# Various Field Herping Photos (DUW)



## StudentoftheReptile (Apr 25, 2012)

*Snake Road, southern Illinois*






leopard frog





long-tailed salamander





cave salamander





redback salamander (saw lots of these)





red eft newt





ringneck snakes (saw several of these)





western ribbon snake









slimy salamander





*western cottonmouth* (juvenile)

_in situ_ shot














Most of this was around *Mobile and Baldwin County, Alabama*

southern black racer





grey rat snake (found crossing a river while canoing)





Gray's treefrog (probably one of my favorite photos)





another racer





several unknown salamanders













bronze frog





a rescued alligator





the pair of eastern fence lizards that call my back porch home













gopher tortoise that tried desperately to enter my fenced yard 2 years ago, and his burrow (if I had known they were going to develop the land all around it, I may have obliged him "accidentally")

















More photos from *southwest Alabama....*

leopard frog





3-Lined salamanders (found 4 under one rotting carpet!)









eastern box turtles





grey rat snake





speckled kingsnake









eastern mud turtle





slimy salamander





banded water snake









juvie EBT





We have this one place here called the Japanese Gardens. It has somehow become a dumping grounds for unwanted RES and other pond sliders because of two man-made ponds. It is right next to a public park and our local university, so lots of people come here to feed the ducks and turtles. Kind of a lost cause, so my wife and I occasionally come here to do the same. At least we bring actual turtle pellets instead marshmallows and bread!

There's also a couple common snapping turtles here, too, as well as many box turtles. Here's a couple shots of the snappers I got one day, and on another day, a friend of mine and I found 9 box turtles in this one small area close to this gardens. All females, curiously enough.







































One final shot of a cooter by the university.


----------



## ALDABRAMAN (Apr 25, 2012)

WOW, Brother those were fantastic, looks like you really have fun and enjoy yourself......Love it!


----------



## cljohnson (Apr 25, 2012)

Nice stuff ( a little jealous )


----------



## kurmaraja12 (Apr 25, 2012)

I go to school in the upper peninsula and we just took our herp 'field trip' and man, we did not find anything like this stuff. I'm so jealous! We found a leopard frog, some frog eggs and a dead blue spotted salamander. It's still pretty chilly up here though, I could hear the peepers a couple weeks ago however!
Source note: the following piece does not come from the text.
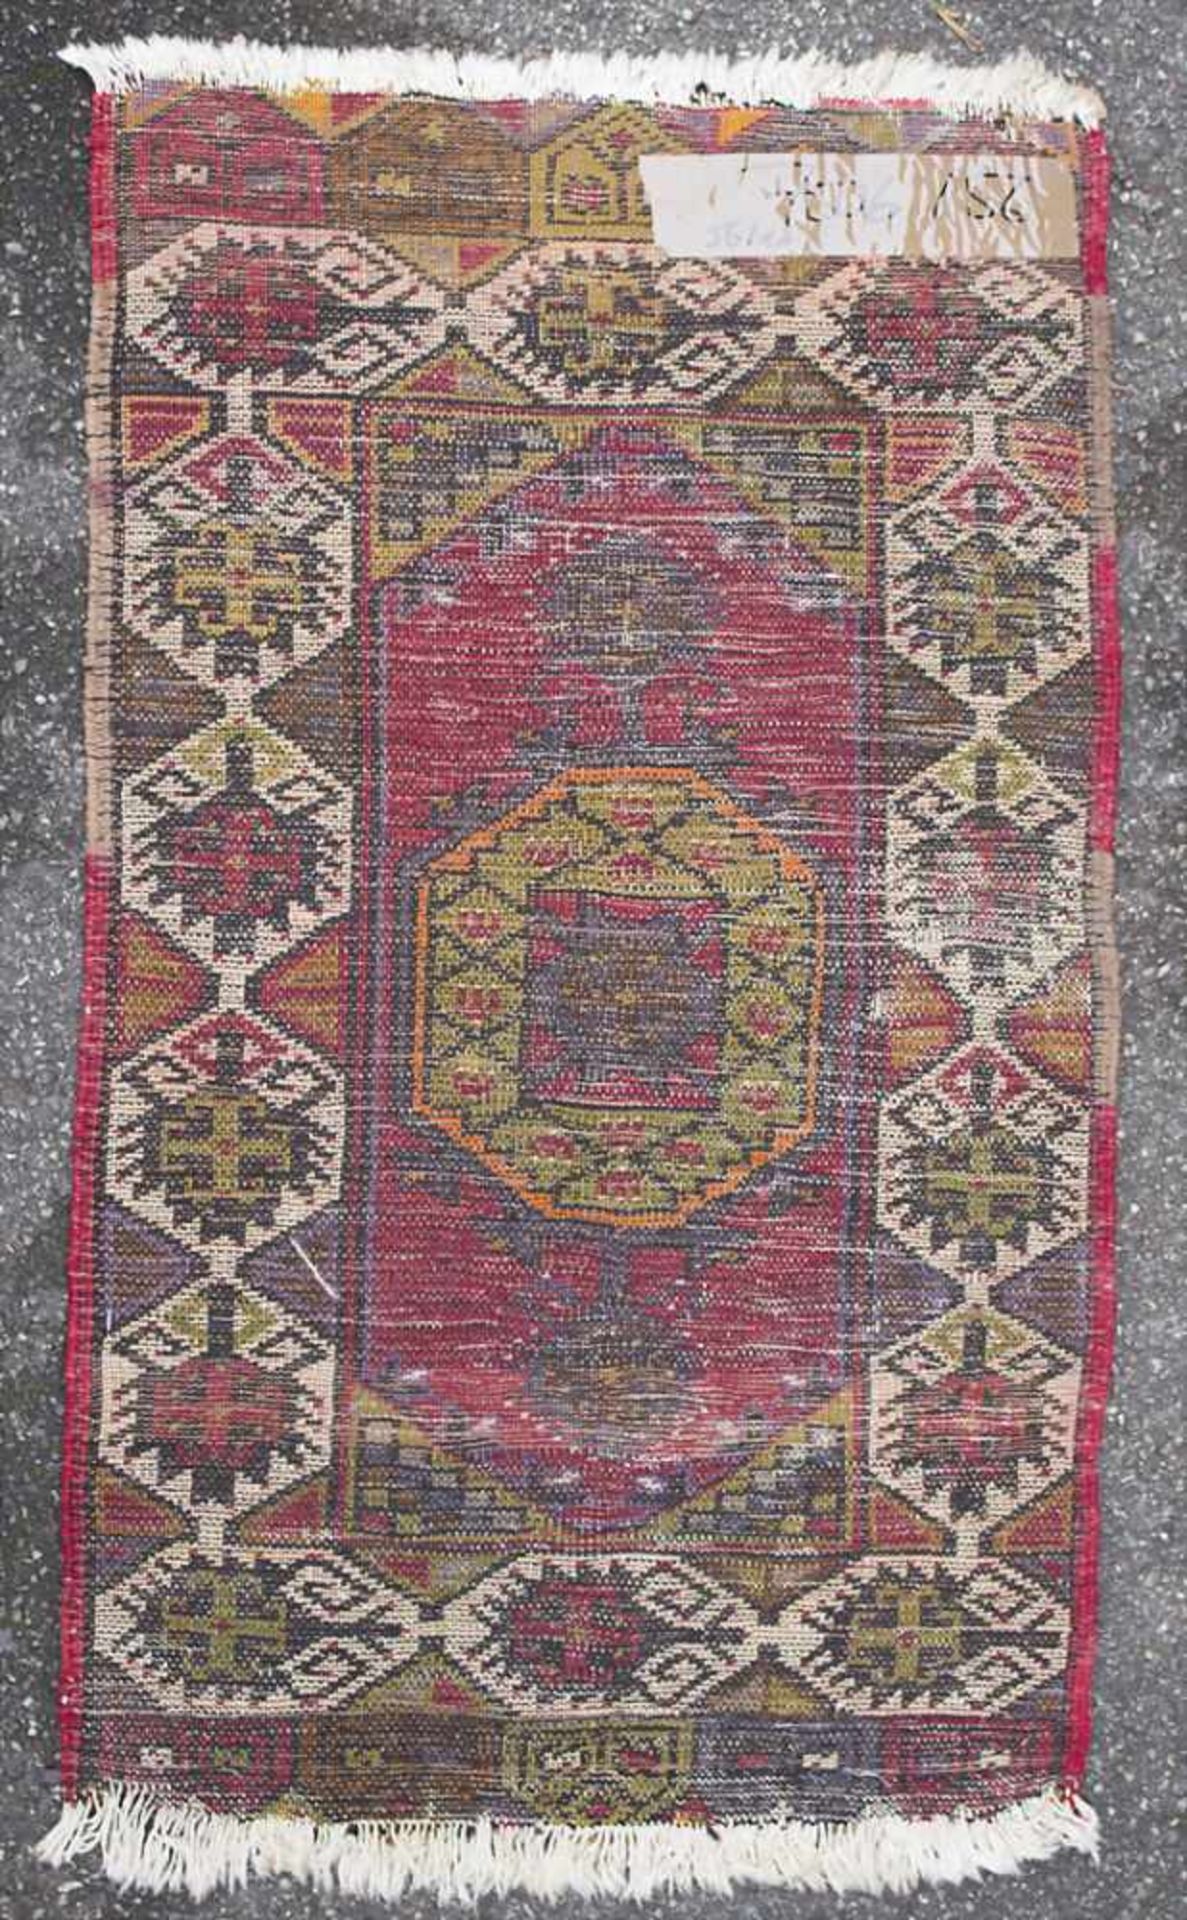 Orientteppich / An oriental carpetMaterial: Wolle auf Baumwolle, Maße: 88 x 49 cm, Zustand: gut, - Image 3 of 3

The box turtle next to the rail reminds me of one that my boyfriend rescued from some train tracks in ohio. He works for the railroad and some of his guys found a nice looking boxie and wrote the name of their supervisor on the top (apparently he's like a turtle?). So my awesome guy saved the little buddy and tried to wipe off the marker and then put him off in the woods. This is the pic he sent me...

I knew he was the man for me after rescuing a turtle <3 haha I think it was a male because he said the eyes were bright red


----------



## ascott (Apr 25, 2012)

Fricken sweeeeet


----------



## Tyrtle (Apr 26, 2012)

Great collection of photos. Your enthusiasm and devotion to understanding is fantastic. I also enjoyed your blog!


----------



## StudentoftheReptile (Apr 26, 2012)

kurmaraja12 said:


> I go to school in the upper peninsula and we just took our herp 'field trip' and man, we did not find anything like this stuff. I'm so jealous! We found a leopard frog, some frog eggs and a dead blue spotted salamander. It's still pretty chilly up here though, I could hear the peepers a couple weeks ago however!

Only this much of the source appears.